Task objective
When you reach the line with "Фото 1 - Авіасимулятор ТУ-134 для компанії" in the data below, begin printing lines exactly, and stop once the line with "124 Årsregnskap 2014." has been printed.

Supplied records

◇ ◇ ◇

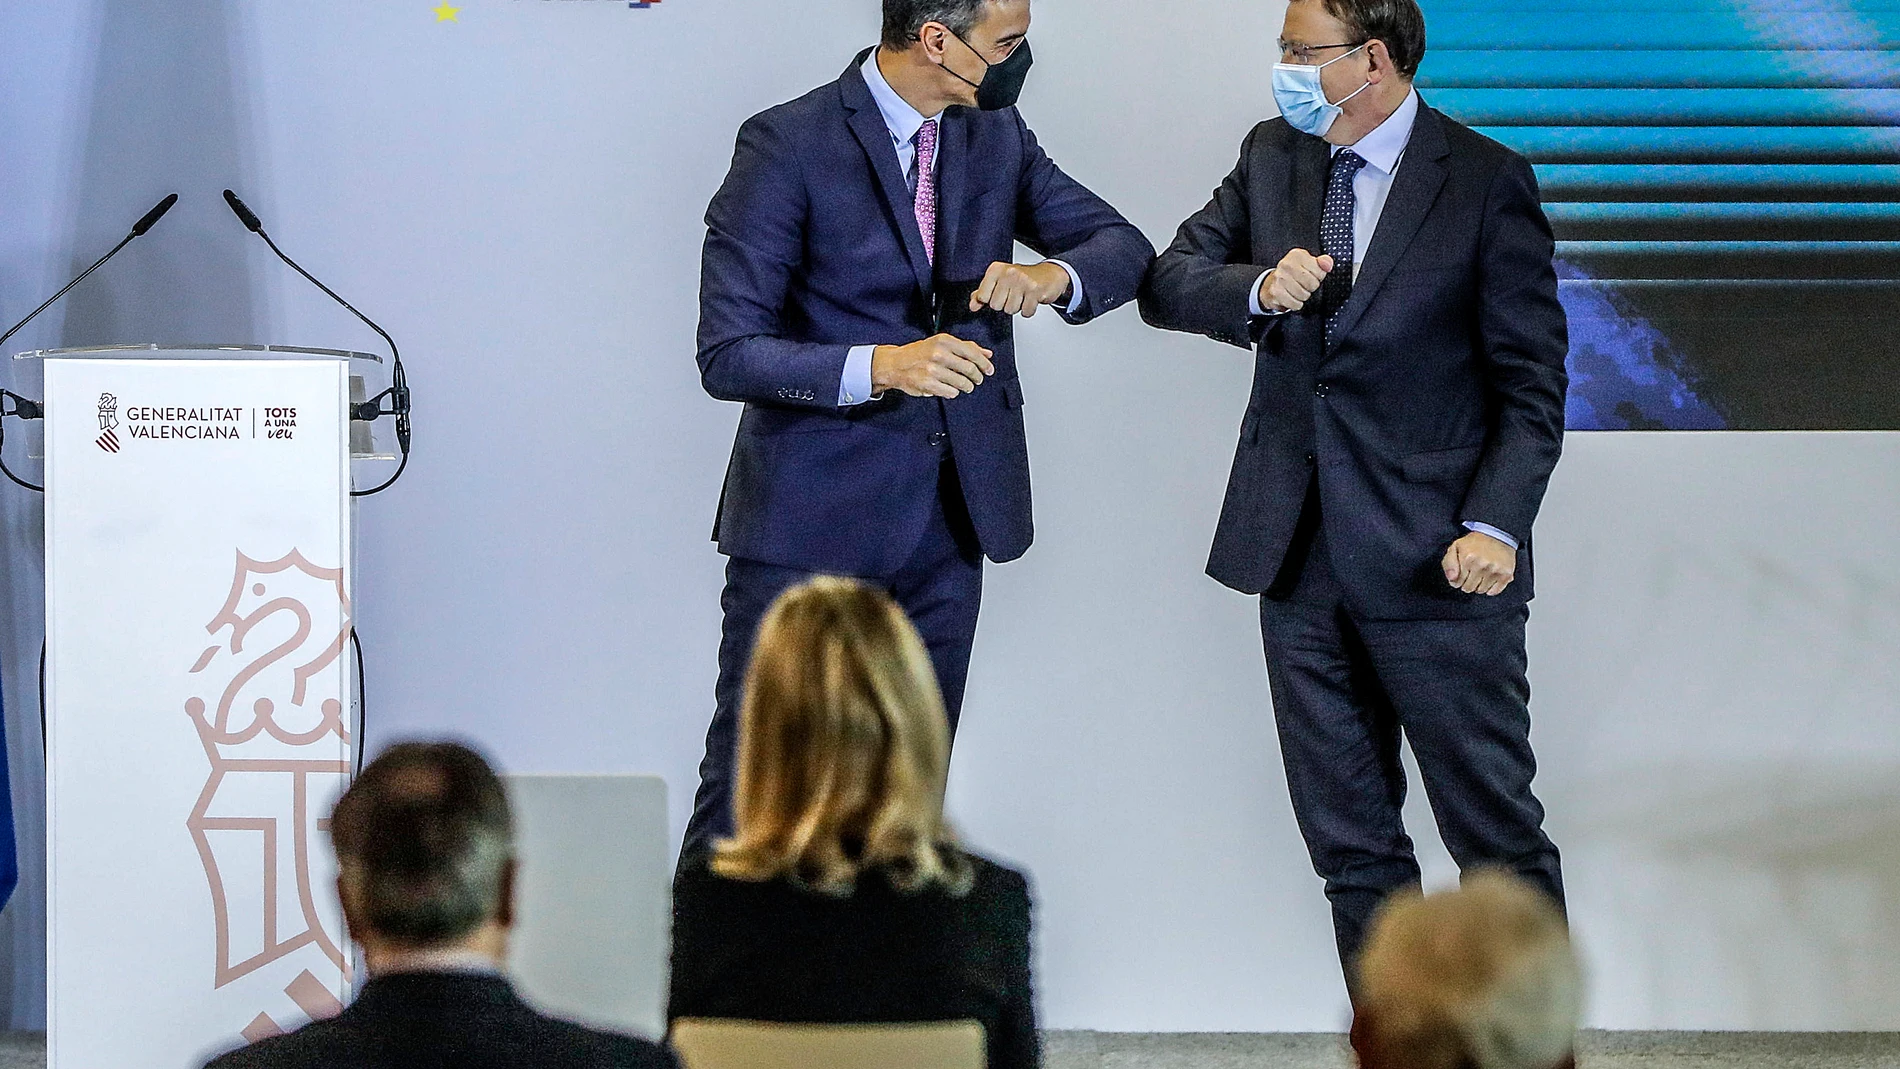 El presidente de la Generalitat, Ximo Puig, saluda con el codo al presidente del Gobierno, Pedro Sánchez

◇ ◇ ◇

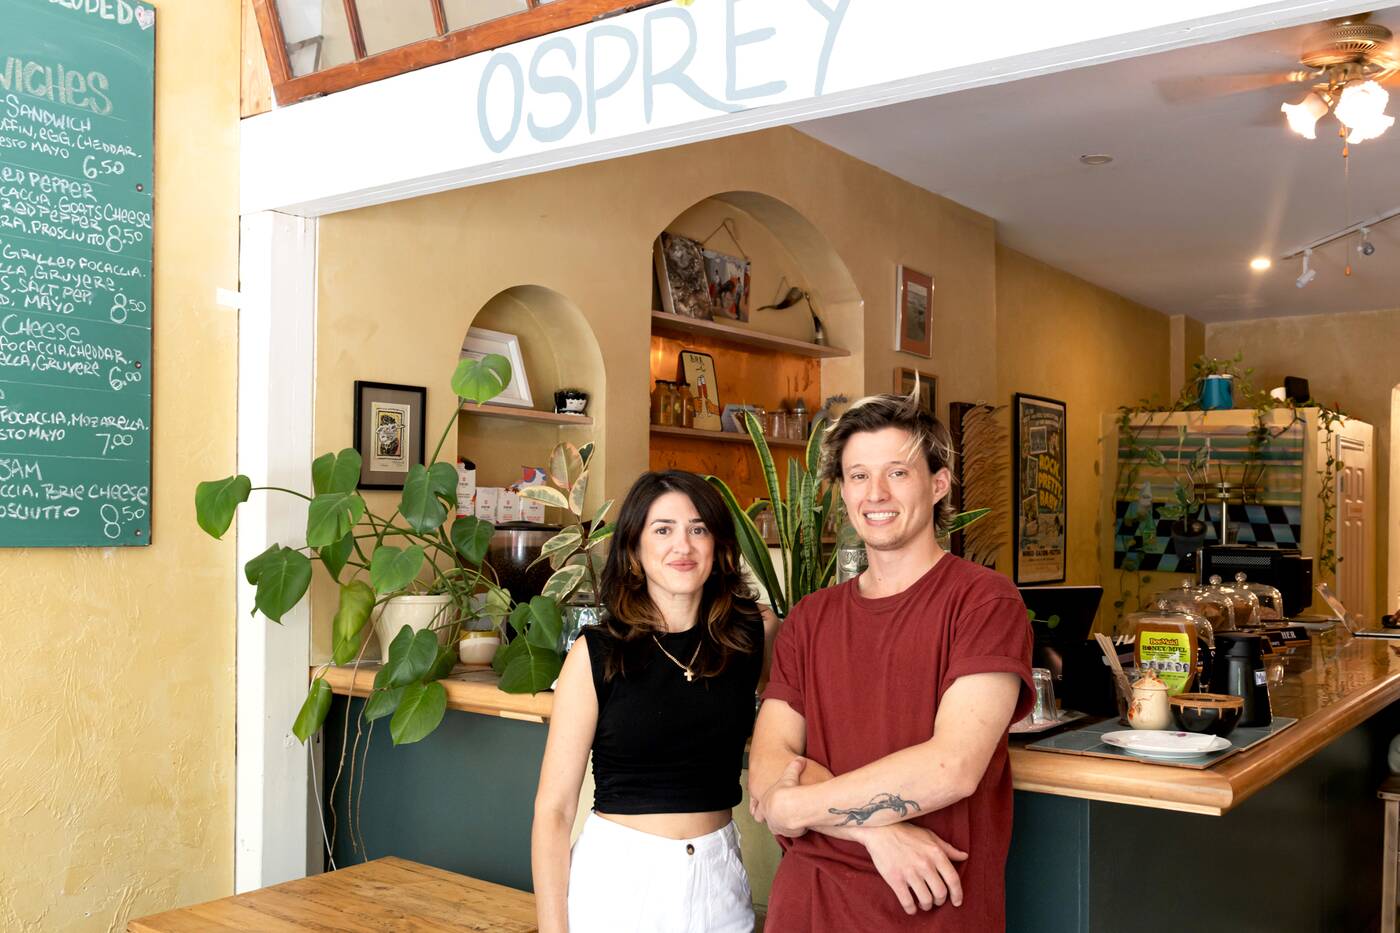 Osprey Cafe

◇ ◇ ◇

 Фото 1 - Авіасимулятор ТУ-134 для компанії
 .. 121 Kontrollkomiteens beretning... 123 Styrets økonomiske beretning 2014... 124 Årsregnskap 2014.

◇ ◇ ◇

Result
 Фото 1 - Авіасимулятор ТУ-134 для компанії
 .. 121 Kontrollkomiteens beretning... 123 Styrets økonomiske beretning 2014... 124 Årsregnskap 2014.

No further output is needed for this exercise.